▶ DATA BLOCK:
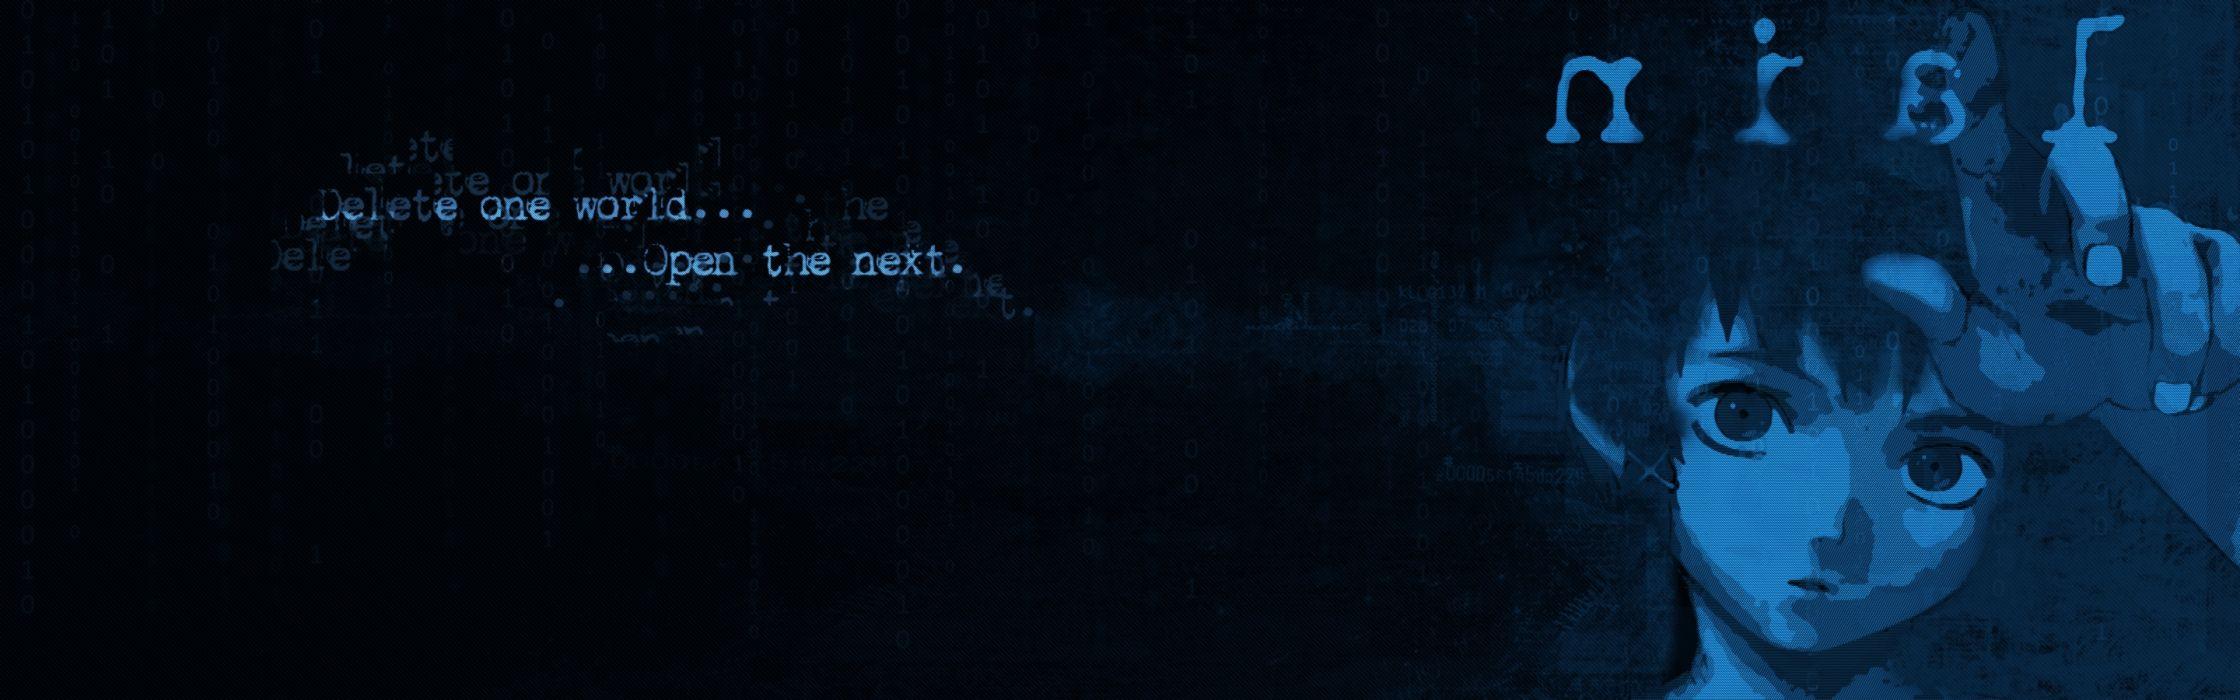 blue text Serial Experiments Lain Iwakura Lain anime anime girls wallpaper
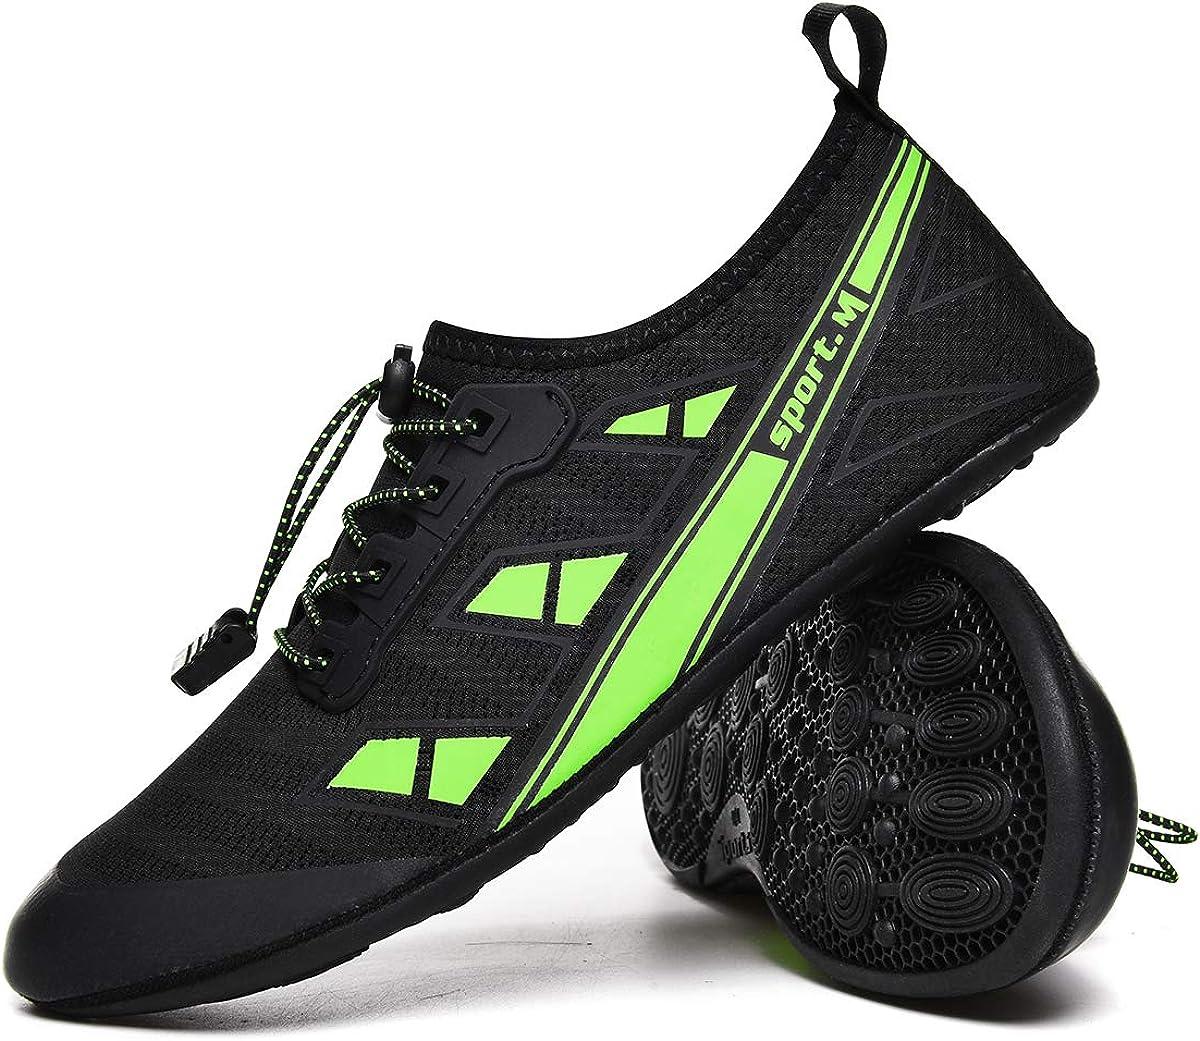 Kedeame Adjustable Elastic Slip-on Water Shoes Barefoot Quick-Dry Yoga Socks for Womens Mens
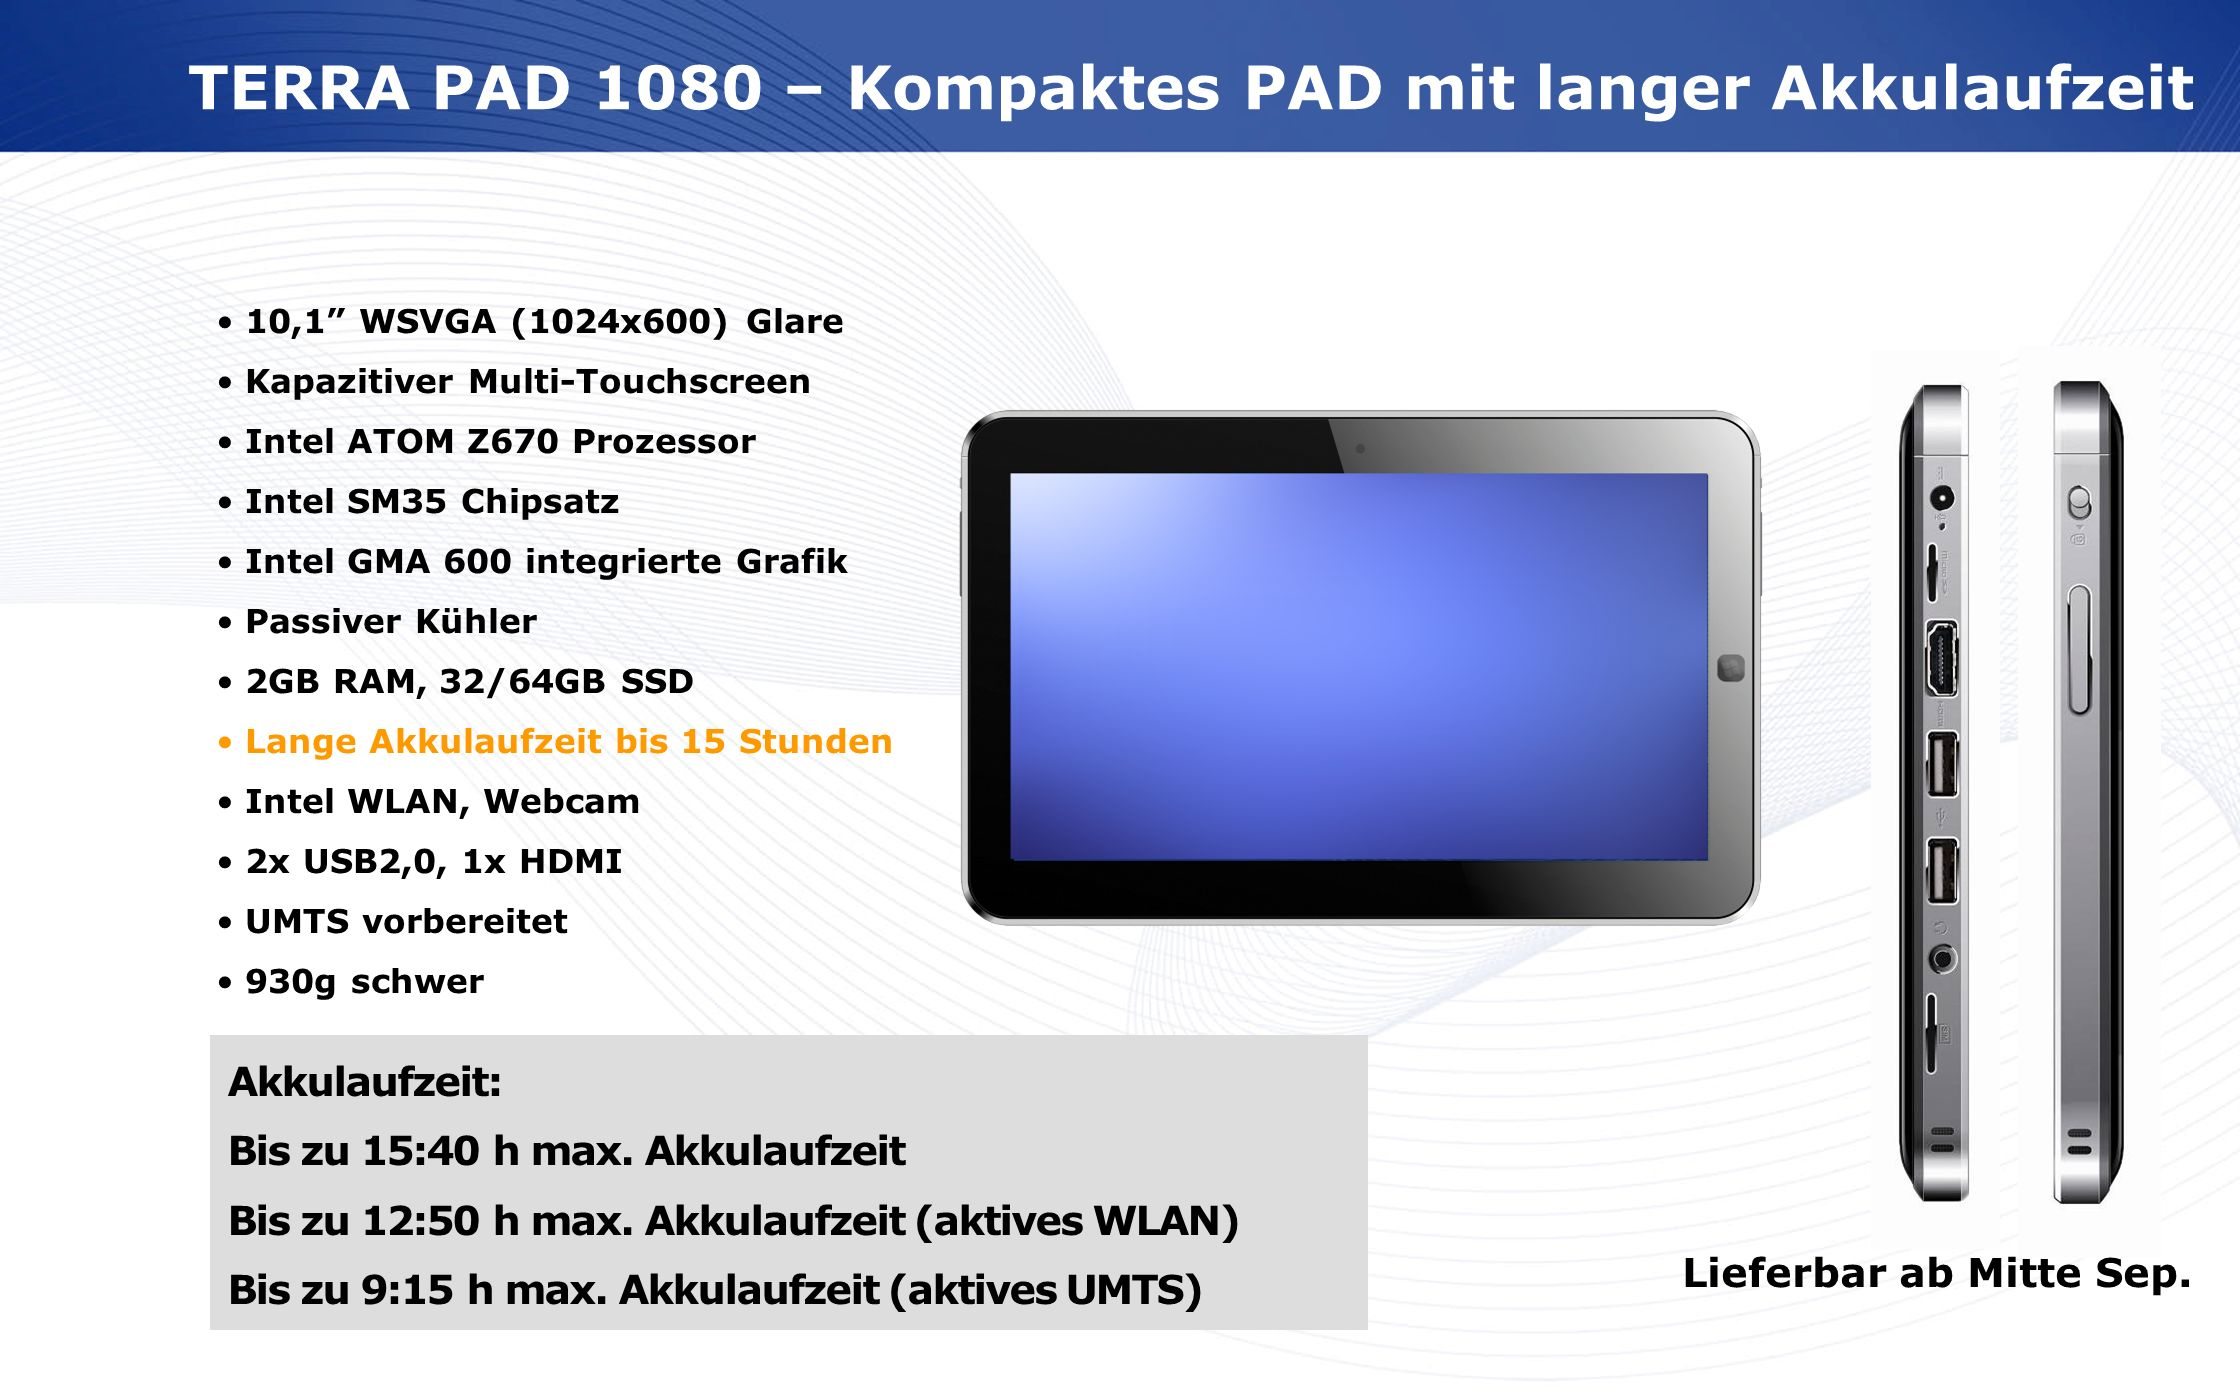 TERRA PAD 1080 – Kompaktes PAD mit langer Akkulaufzeit

▶ TASK GOAL:
Make an exact copy of the listing. Do not carry over its pictures.

▶ SOLVED PROBLEM:
 blue text Serial Experiments Lain Iwakura Lain anime anime girls wallpaper
 Kedeame Adjustable Elastic Slip-on Water Shoes Barefoot Quick-Dry Yoga Socks for Womens Mens
 TERRA PAD 1080 – Kompaktes PAD mit langer Akkulaufzeit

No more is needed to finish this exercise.